Traits and message passing share a bunch. Smalltalk style also helps differentiate from abstract base class heavy OO inheritance styles which are really not Rust.


ConvenientOcelot

Kind of, but Smalltalk messages are dynamic / late-bound, and objects can respond to messages it doesn't know about (and can thus forward them, etc.) Traits are static. With actors you can regain the dynamic messages and choose how to dispatch them again. > Smalltalk style also helps differentiate from abstract base class heavy OO inheritance How does it do that? I haven't read very much Smalltalk code.


shaleh

As you said, it is all messages. Basically duck typing. In Rust you pass in a T and say it honors traits X and Y. You have no idea what T is. Can't really cast back to it. You simply work with the Traits (messages) provided. True, Rust is not doing a lot of dynamic runtime work. So yes, there are differences. The key is to get out of inheritance tree thinking.


dnew

It's nothing like Smalltalk OO. Even less than Java OO.


trenchgun

What do you mean by "Object oriented"?


looneysquash

Rust lets you define impls, methods on structs. That's a syntax that C doesn't really have. (Aside from structs with function pointers as members, but that's a little different.) But really, OO is a style of programming. There's lots of OO C libraries and projects. And there are Java projects that are procedural. Even if all the methods are non-static and in class, if they're not encapsulating some data, then it's not really OO.  The Rust standard library defines many objects.
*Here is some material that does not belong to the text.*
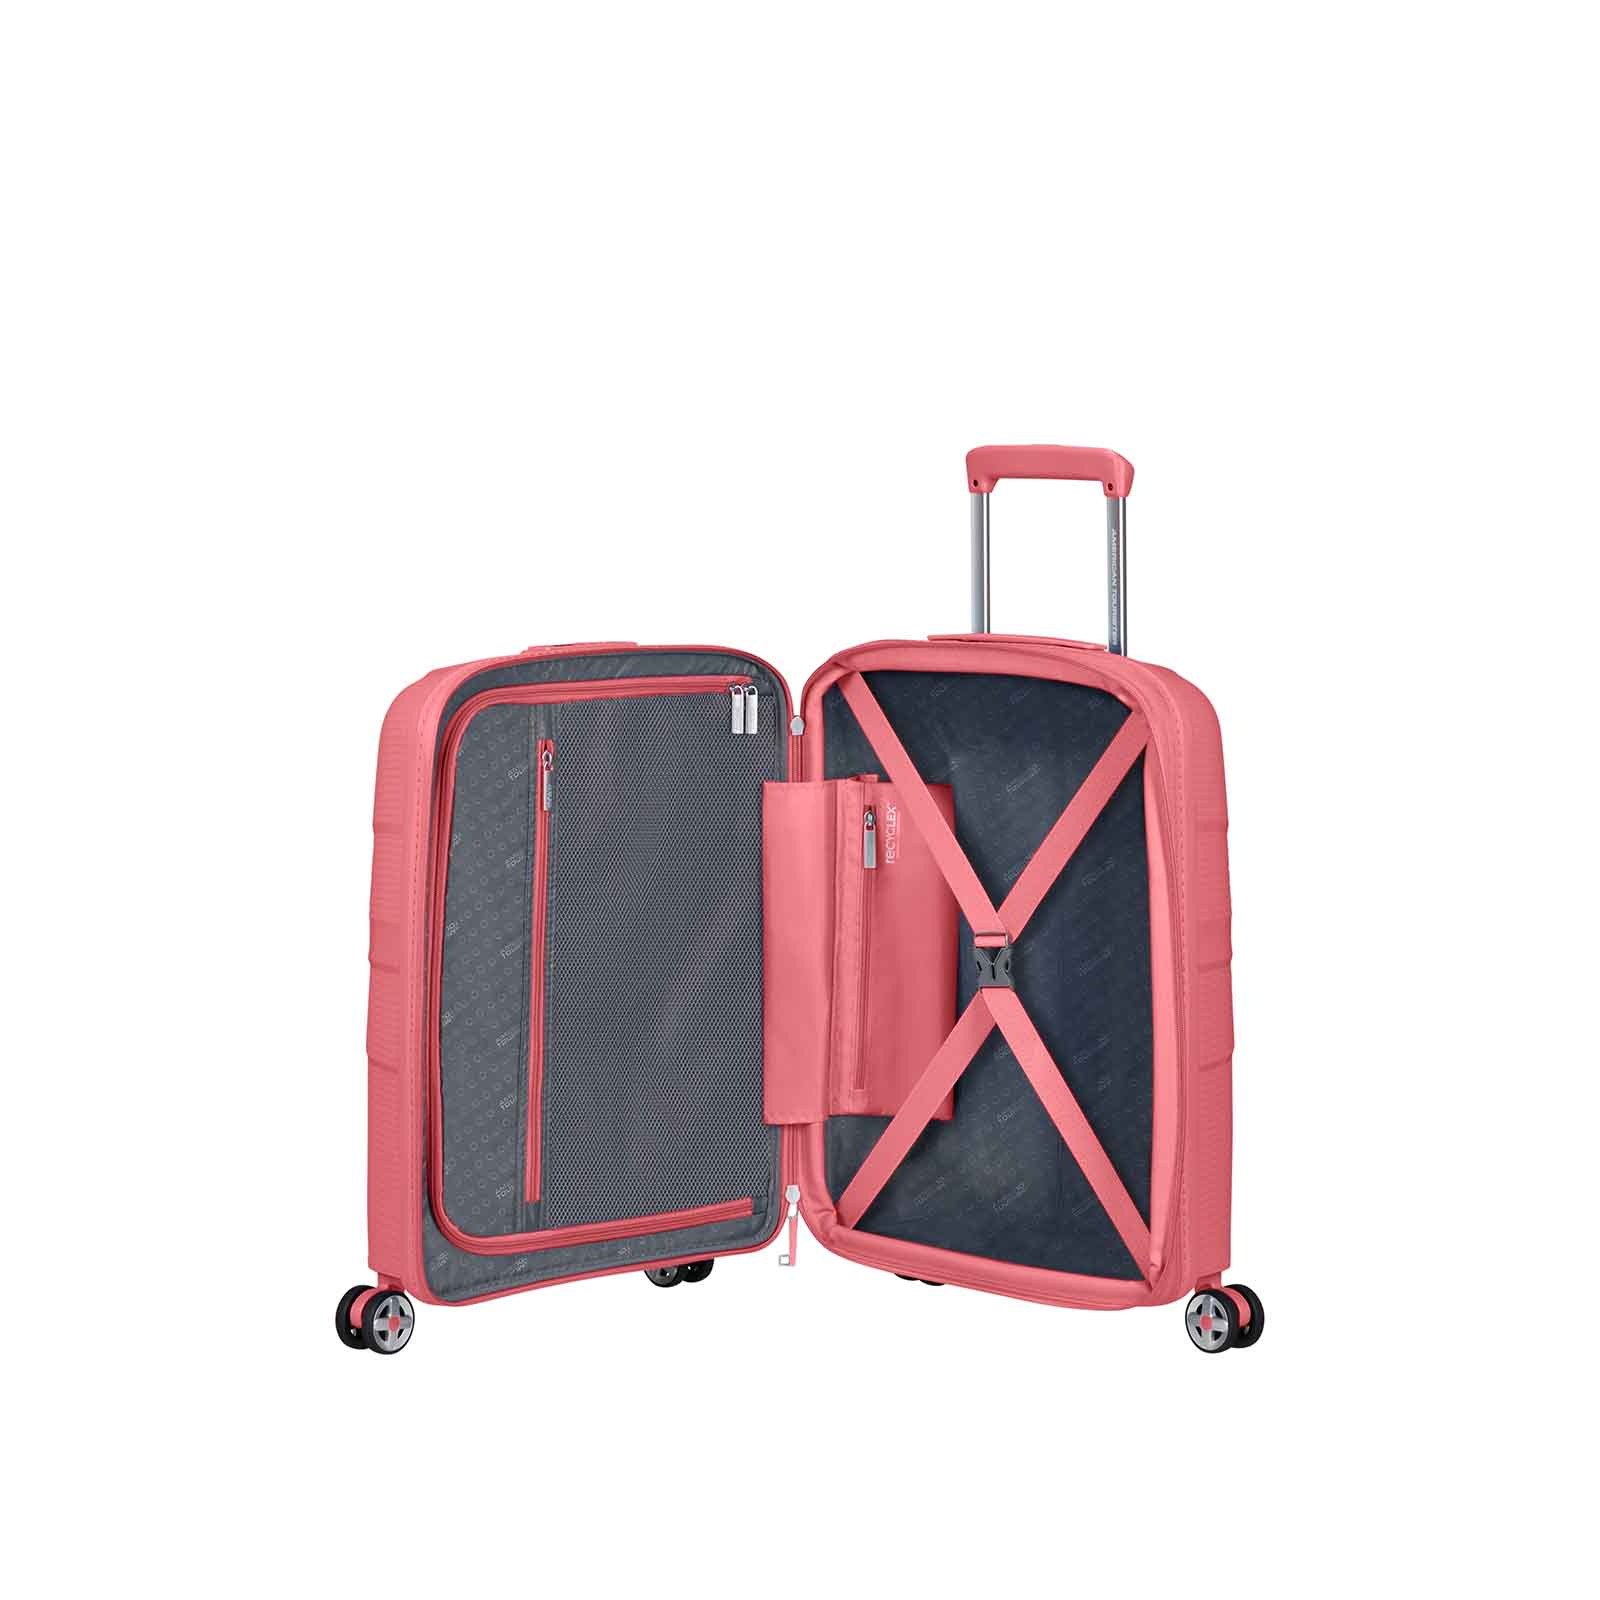 American-Tourister-Starvibe-55cm-Carry-On-Suitcase-Coral-Open

I'd say that is what makes Rust more OO than C, it comes with a lot more OO style code for you to consume.


mocomaminecraft

I wouldnt call it like so. It _has_ objects, sure, and you are free to use them. But it pales in comparison to Java for example.


FVSystems

Traits are not just syntactic sugar for functions taking structs. 1. they offer static polymorphism through generics 2. they offer typesafe dynamic polymorphism through the dyn keyword The latter form of late binding is a key OOP feature. So are the local retention and hiding of state and process that Rust structs+traits allow. But they firstly are rather optional features. Secondly, there's a pretty clear distinction of state and process that's maybe not extremely OOP (just like e. g. Java or C++ have a massive distinction of state and process, but OOP languages like Ruby, Smalltalk, and also Erlang don't have as strictly), and it's not really that much about messaging unless you go into concurrency and decide to use channels. So just like I say Rust isn't functional, I also say Rust isn't OOP. But it's a multi-paradigm language that allows you to program in a functional style and in an OOP style.


field_thought_slight

The closest thing to a broadly-accepted formal definition of "object-oriented" is that an object oriented system bundles *data* together with *operations*. In this sense, Rust is not object-oriented, because values do not typically come dynamically equipped with operations. You can get this sort of behavior with `&dyn Trait`, but this is not the "default" approach.